そんなアシスト力の出方について、メリットを強く実感できたのがエクストラパワーモード。最大のアシスト力が発揮されるアシストモードです。

例えば凸凹や石があったりする未舗装路を走る場合、障害物をちょっと越えるにはより強いアシスト力があるとスムースなので、エクストラパワーモードを使います。凸凹や石がある道を走る時、誰もが自然にそうしていると思いますが、状況に応じてペダルを踏んだり、一瞬踏むのをやめたりして、車体をコントロール。
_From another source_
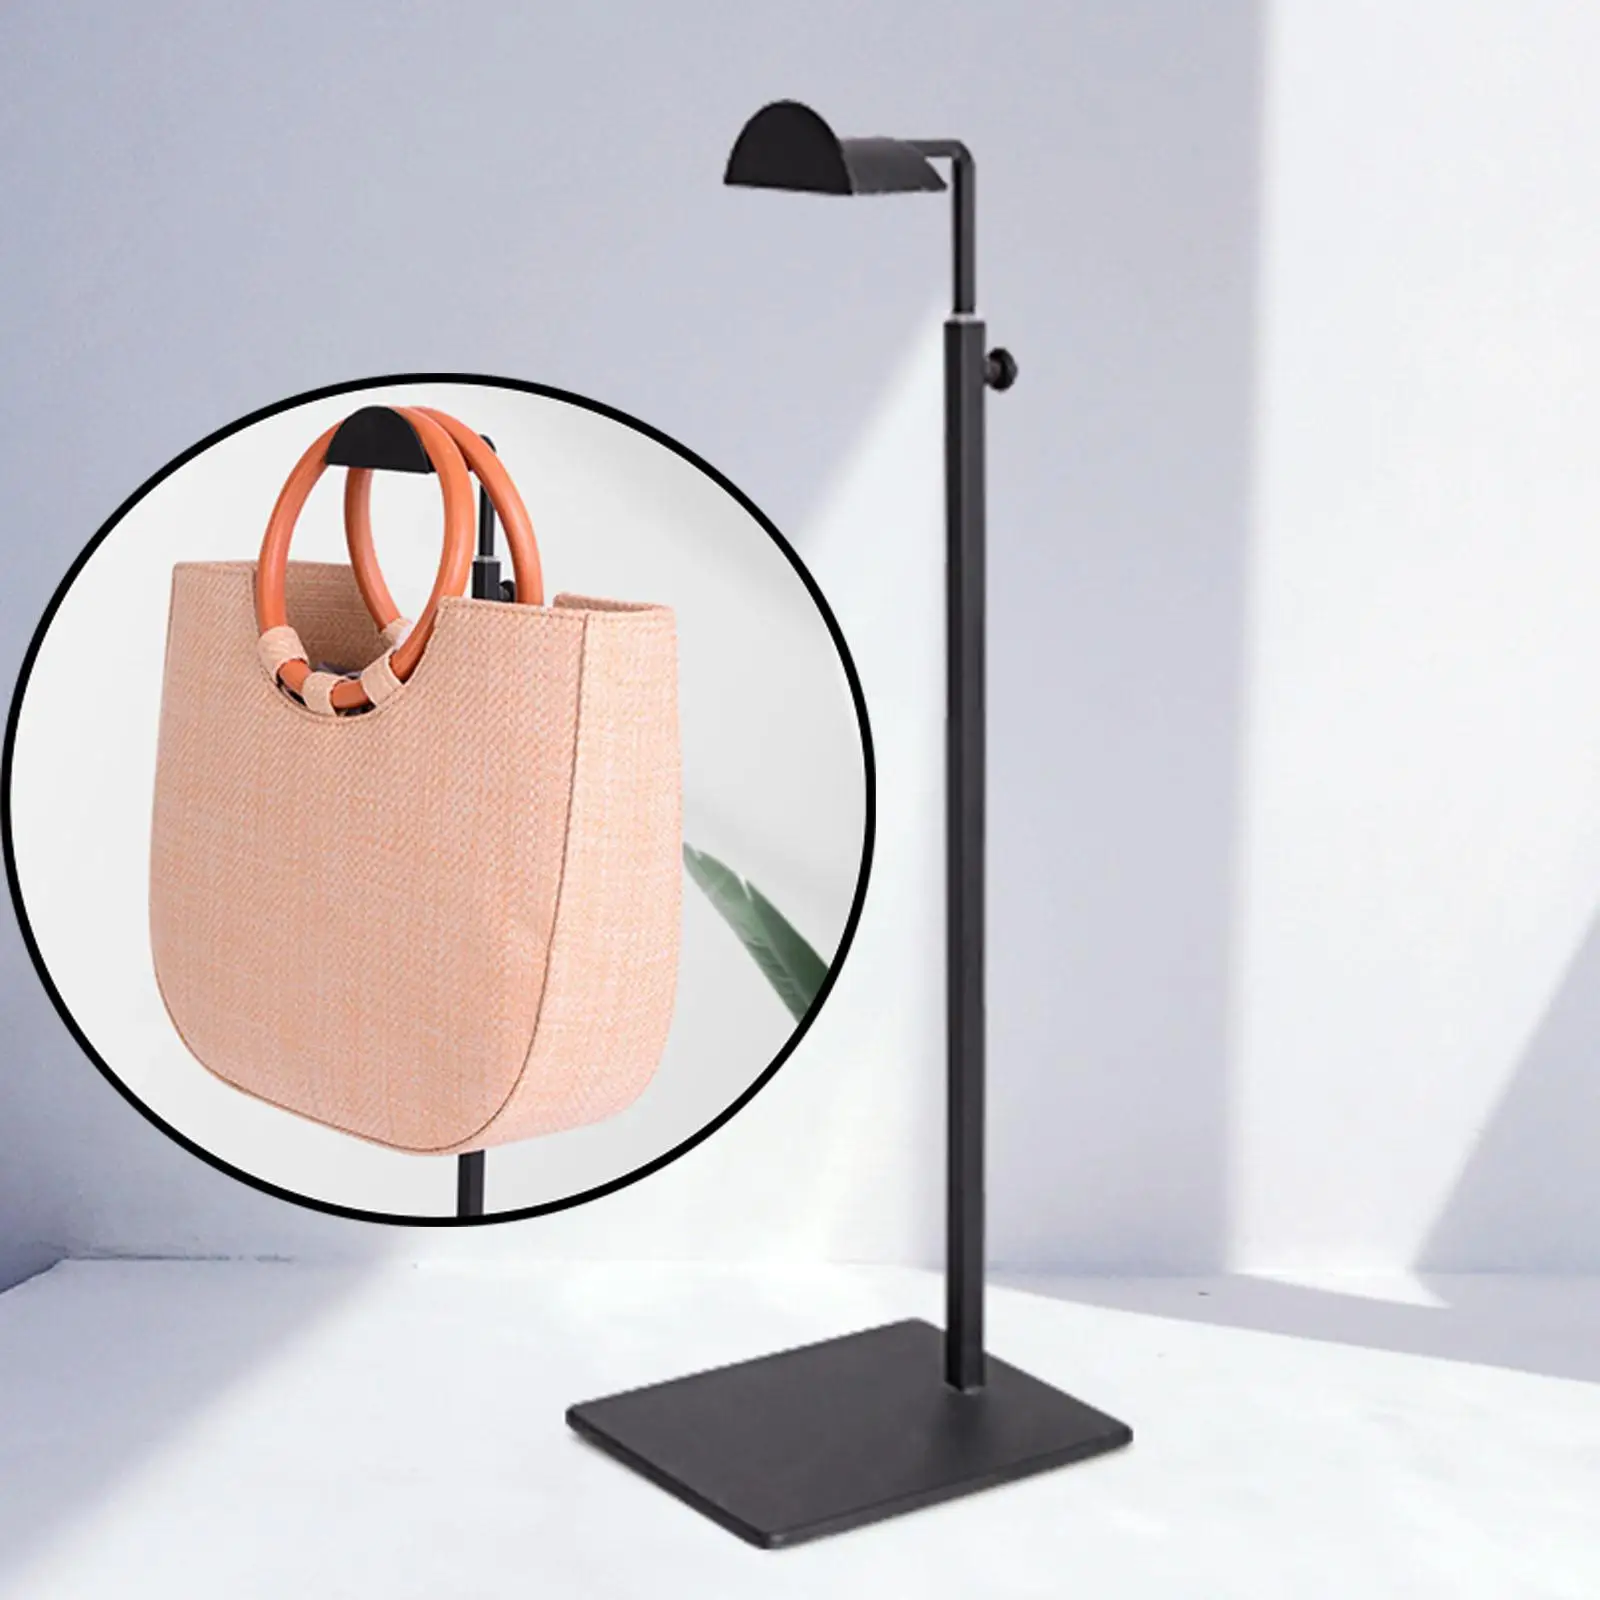 Handbag Display Stand Adjustable Organizer Bag Holder for Closet Countertop

障害物を一気に乗り越える時はペダルを強く踏み、ハンドルを少し切って向きを変える時は一瞬ペダルを踏むのを止める、みたいな。

奥多摩むかし道にて。このポイントに来る前に、未舗装路のアップダウンとちょっとした未舗装路激坂登坂がありますが、YPJ-XCだと不安なくクリアできます

そういうペダリングと車体コントロールが、YPJ-XCのエクストラパワーモードだと、非常に小気味よく行なえるんです。人力の自転車とほぼ同等の繊細なペダリングができる。でもアシスト付きで、ペダルを踏めば即座かつ滑らかに力強い推進力が生まれます。また、ペダルを踏むのを止めた瞬間に、そのアシスト力がスッと消える感覚。

状況の悪い未舗装路で、レスポンスと力強さと繊細さを併せ持つアシストが使えると、もう凄〜く走りやすい。急に自転車の運転が上手くなったかのような気分に。繊細に自転車をコントロールできつつ、しかしアシスト力はたっぷり使えるので、そう感じるのだと思います。

YPJ-XCで実際に悪路を走ってみると、悪路の“攻略”が楽しい。河川敷脇の未舗装路にあったりする岩とか砂利とか流木とか、そういうシチュエーションにどんどん挑戦したくなったりもします。

舗装路も未舗装路も何でも来いのYPJ-XC。探検気分で知らない道をどんどん進みたくなるe-bikeです

……というコトは、YPJ-XCは絶対MTBコースとか楽しいゾ!!! MTBパークに行くしか!!! ていうか絶対行く!!! 明日行く!!!

と、勢いづいたところで、まさかの……新型コロナウイルス感染症緊急事態宣言。不要不急の外出を自粛する必要があります。YPJ-XCでMTBパークは……まあ不要不急っすよね。残念〜。

あぁ早く安心して外出できるような世界になって、YPJ-XCでMTBパークを走ってみたいなあ。YPJ-XCにある程度じっくり試乗でき、YPJ-XCの“魅了されるような走行感”の正体がだいたい見えてきた筆者は、再び「やっぱりあのe-bikeにもう一度乗ってみたいな〜」とYPJ-XCを想うのでした。

ともあれ、他のe-MTBとは一味違う素敵な走行感があるYPJ-XCですので、機会があればぜひ試乗してみてください。なお、ヤマハ公式サイトからYPJシリーズに乗れるレンタルショップ試乗車のあるショップを探すことができます……が、新型コロナウイルスの影響で休店しているところが多いようです。くっそ〜新型コロナいずれ絶対ブッ殺(以下自粛)。